Los planes generales nulos no son convalidables. Es decir, no puede subsanarse el defecto apreciado por el Tribunal y volverlo a aprobar, tal y como explica la Sentencia del Tribunal Supremo de 28 de septiembre de 2012 (Rec. 2092/2011), ponente María del Pilar TESO GAMELLA. En Galicia ya tuvimos un sonado caso en el municipio de Gondomar donde se intentó la convalidación del plan anulado y fue duramente contestado por los tribunales.

Los efectos y consecuencias de esta anulación del PXOM de Vigo se extiende tanto a licencias de obra y actividad concedidas, obras en ejecución, actuaciones urbanísticas en tramitación y situación de las propiedades particulares y públicas de los municipios.

Vamos a referir tanto los efectos directos e indirectos de una nulidad de un planeamiento general, como las consecuencias en diversas situaciones de particulares y empresarios.

EFECTOS DE LA NULIDAD DEL PXOM DE VIGO

Lo que más preocupa ante una nulidad de un PXOM es qué va a pasar con todo lo hecho a su amparo. Estamos hablando de licencias de obra, rehabilitación o reforma, primera ocupación, actividad, apertura; desarrollos urbanísticos tramitados o en tramitación, obras de urbanización en marcha o terminadas, obras de construcción en marcha o terminadas, proyecto de infraestructuras o dotaciones de la ciudad, expropiaciones en marcha o finalizadas, etc…en fin, todo un elenco de actuaciones que pasan por las oficinas de la Gerencia de Urbanismo de Vigo.

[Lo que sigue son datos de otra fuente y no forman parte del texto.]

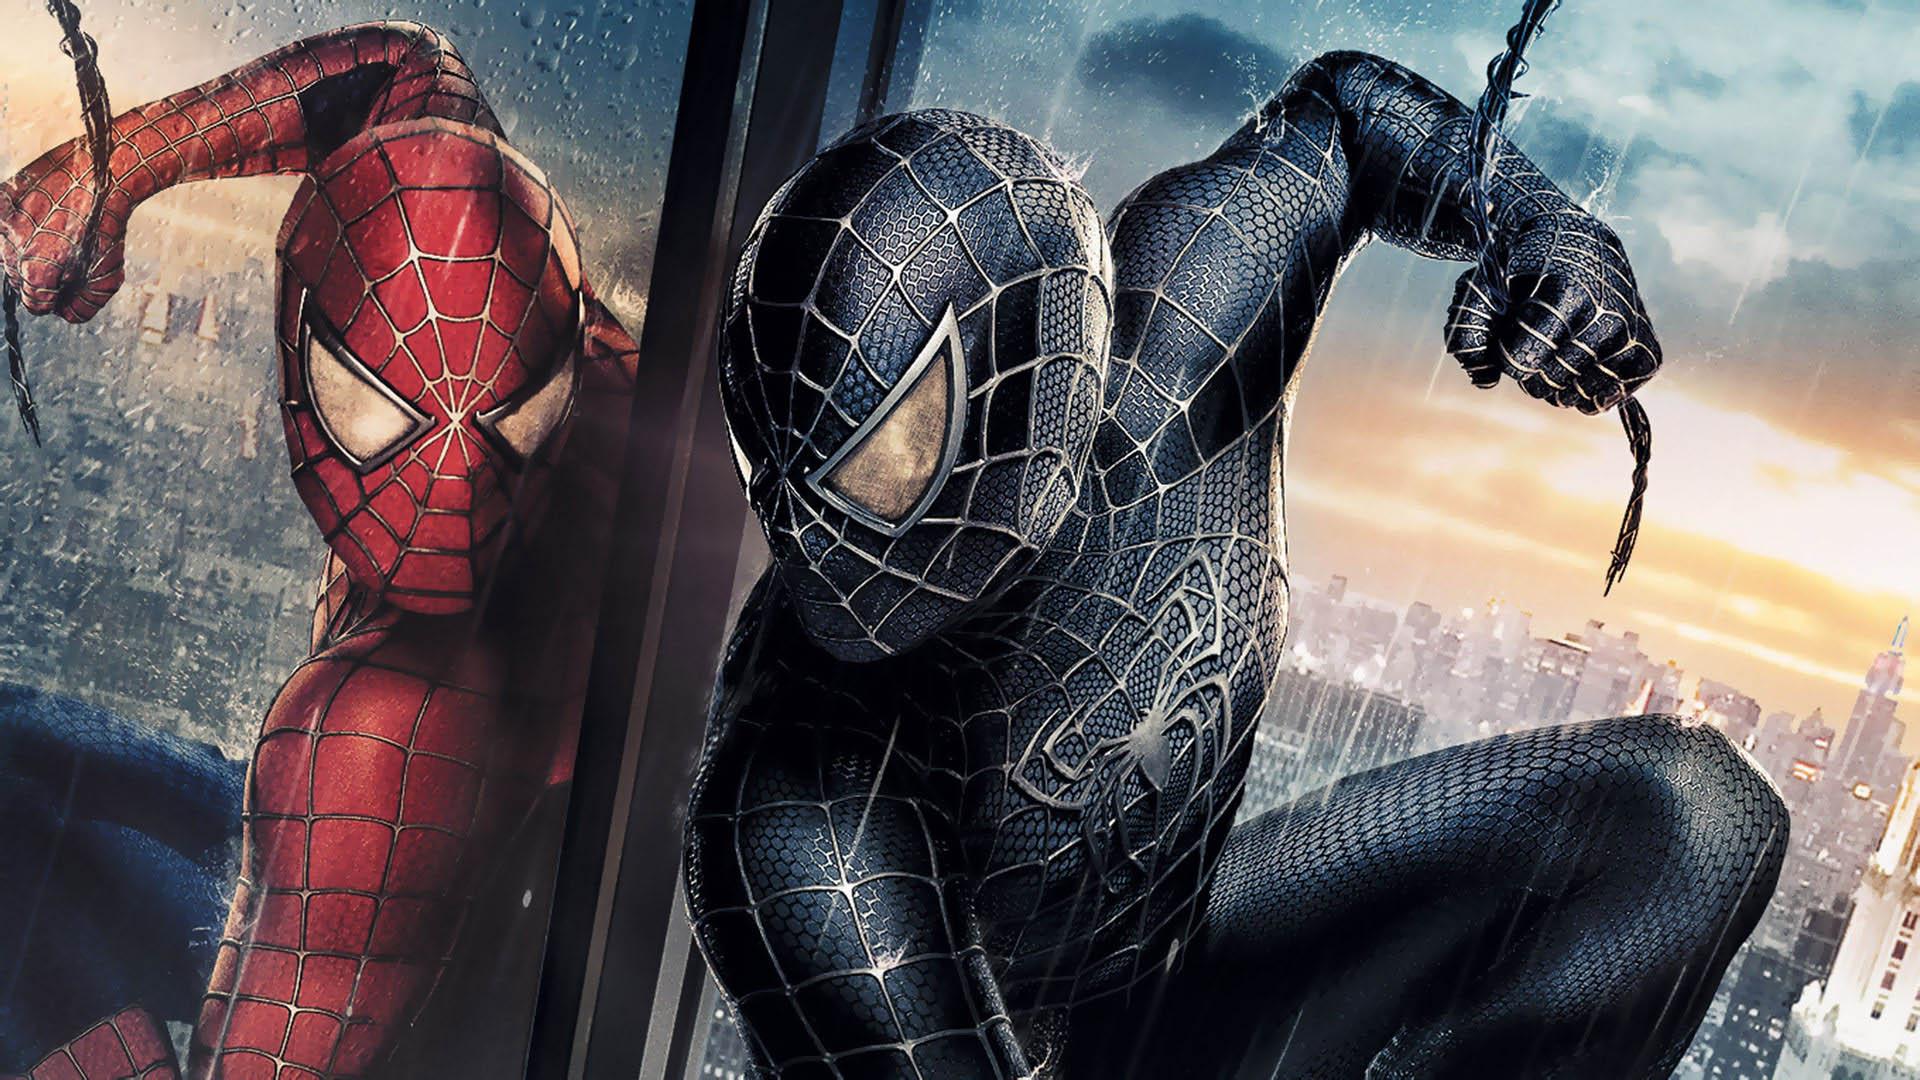 Spiderman Movie Wallpapers Hd Widescreen 8751 Wallpaper 1920x1080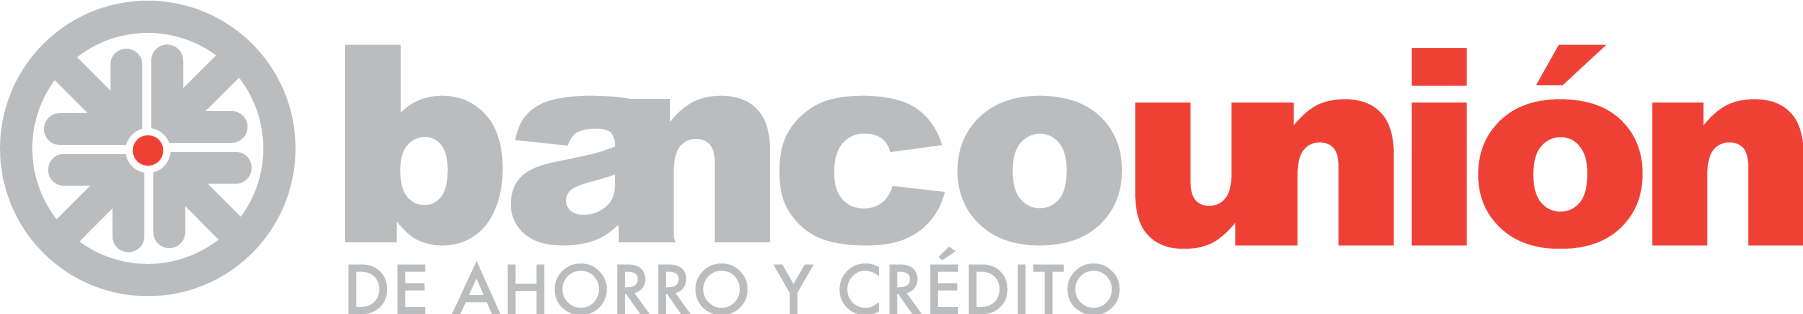 Partners - image banco-union-logo on https://gcs-international.com

Los supuestos básicos o generales serían:

+ Licencias de obra, rehabilitación o reforma, primera ocupación, actividad, apertura:

  • A las licencias de obra, rehabilitación o reforma, pendientes de conceder, habiendo cambiado el sentido del silencio administrativo a negativo (de haber sido positivo podría invocarse su concesión por transcurso de 3 meses), no podrán ser otorgadas en base al planeamiento anulado. Sólo cabrá que se adapten los proyecto al anterior planeamiento.
  • A las licencias ya concedida y que están impugnadas o pendientes de un recurso, lo normal es que sean anuladas por nulidad del planeamiento que las amparó.
  • A las licencias ya concedidas y que no tengan ningún recurso o impugnación pendiente, mantienen, en principio, su vigencia, por lo que las obras no tendrían porqué pararse. Ello supone que, si es de obra, podrán obtener al finalizar la licencia de primera ocupación (eso sí, siempre que no introduzca en obra ningún cambio respecto del proyecto inicial). Lo mismo para actividades y aperturas. En este último caso, también podría suceder que se impugnasen ahora esas licencias ya concedidas, pero sólo a través de un procedimiento y con unos requisitos concretos.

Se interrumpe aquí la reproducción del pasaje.